Paul Haenlein (October 17th, 1835 – 27 January 27th, 1905)

In 1872 Haenlein obtained a U.S. patent (No. 130 915) to use the otherwise wasted gas in the dirigible’s engines. On 13 December, Paul Haenlein tested the first airship with a gas engine in Brünn, achieving 19 km/h. This airship was a direct forerunner of the Lebaudy type, 164 feet (50 m) in length, 30 feet (9.1 m) greatest diameter, and with a cubic capacity of 85,000 feet (26,000 m). The airship achieved 19 km/h. The tests were stopped later, because of a shortage of money.

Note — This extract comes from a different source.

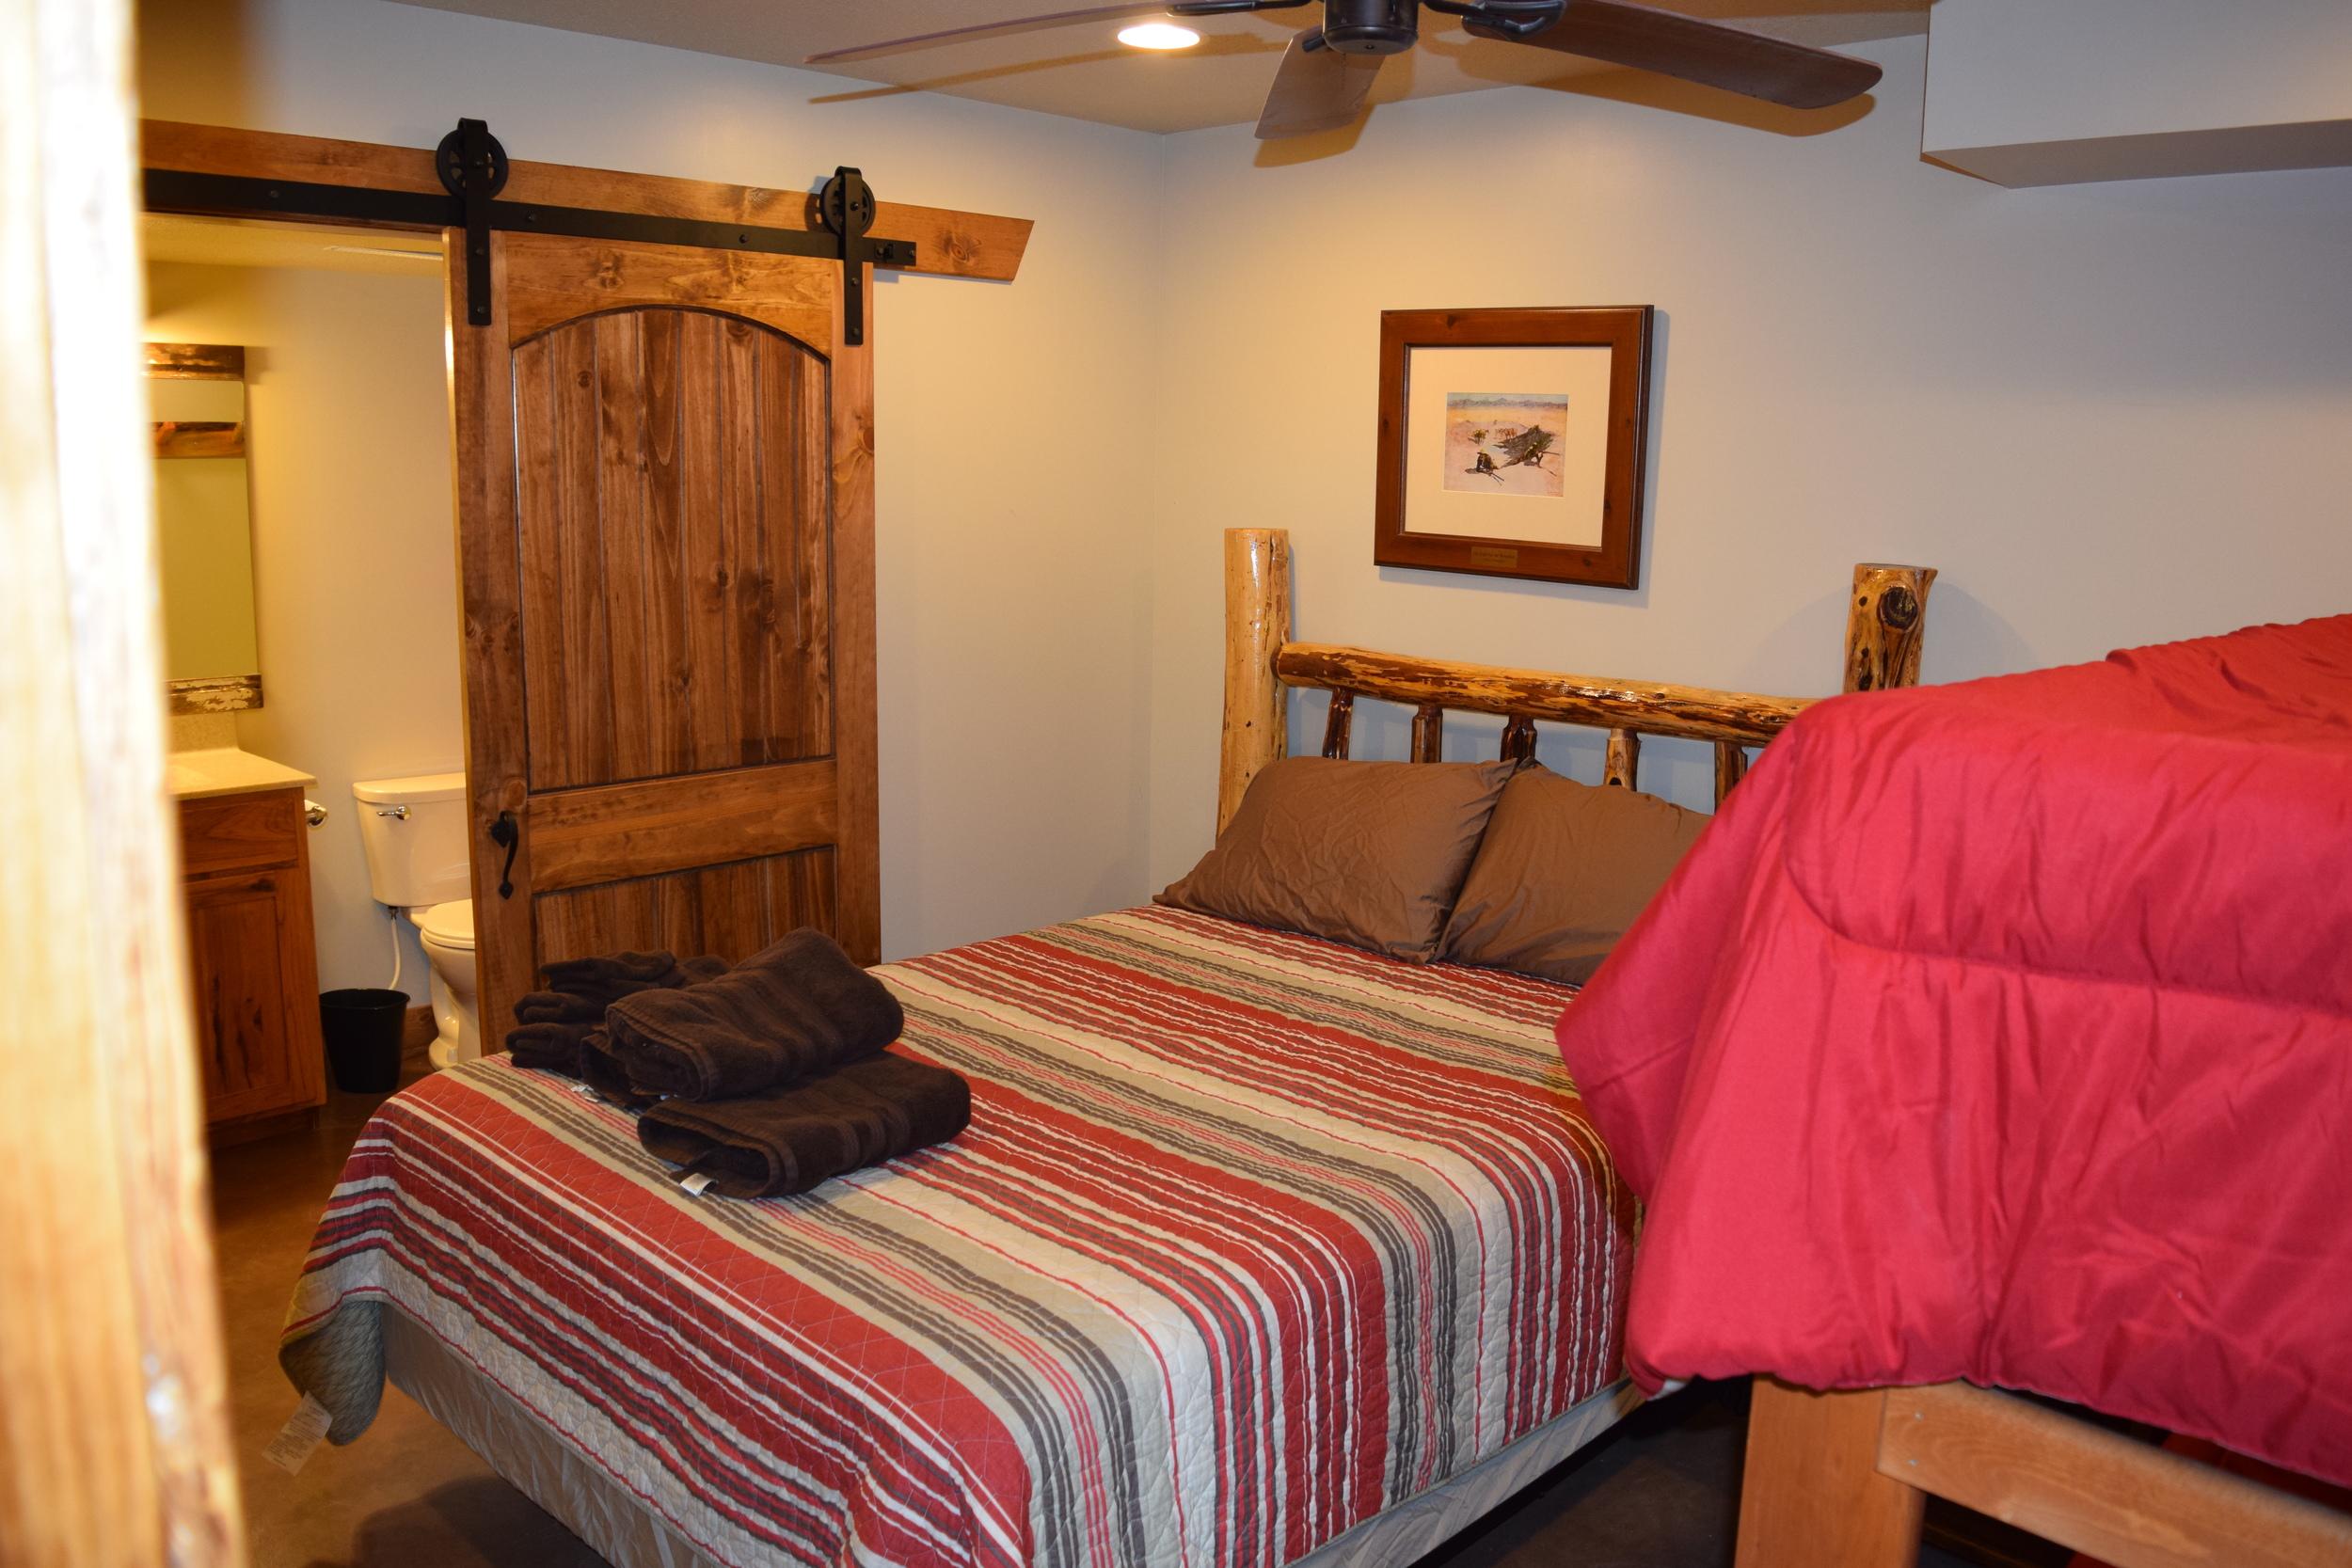 Bedroom with en-suite and bunk beds.

A propeller of 15 feet (4.6 m) in diameter was driven by the Lenoir engine with 40 revolutions per minute. This was the first instance of the use of an internal combustion engine in connection with aeronautical experiments.

The envelope of the dirigible was rendered airtight by means of an internal rubber coating, with a thinner film on the outside. Syngas, used for inflation, formed a suitable fuel for the engine, but limited the height to which the dirigible could ascend. Such trials as were made were carried out with the dirigible held captive. A full experiment was prevented because funds ran low, but Haenlein’s work constituted a distinct advance on all that had been done previously.

This engine type had the disadvantage of requiring either a gas-producer or a large storage capacity for the gas, either of which makes the total weight of the power plant much greater than that of a petrol engine.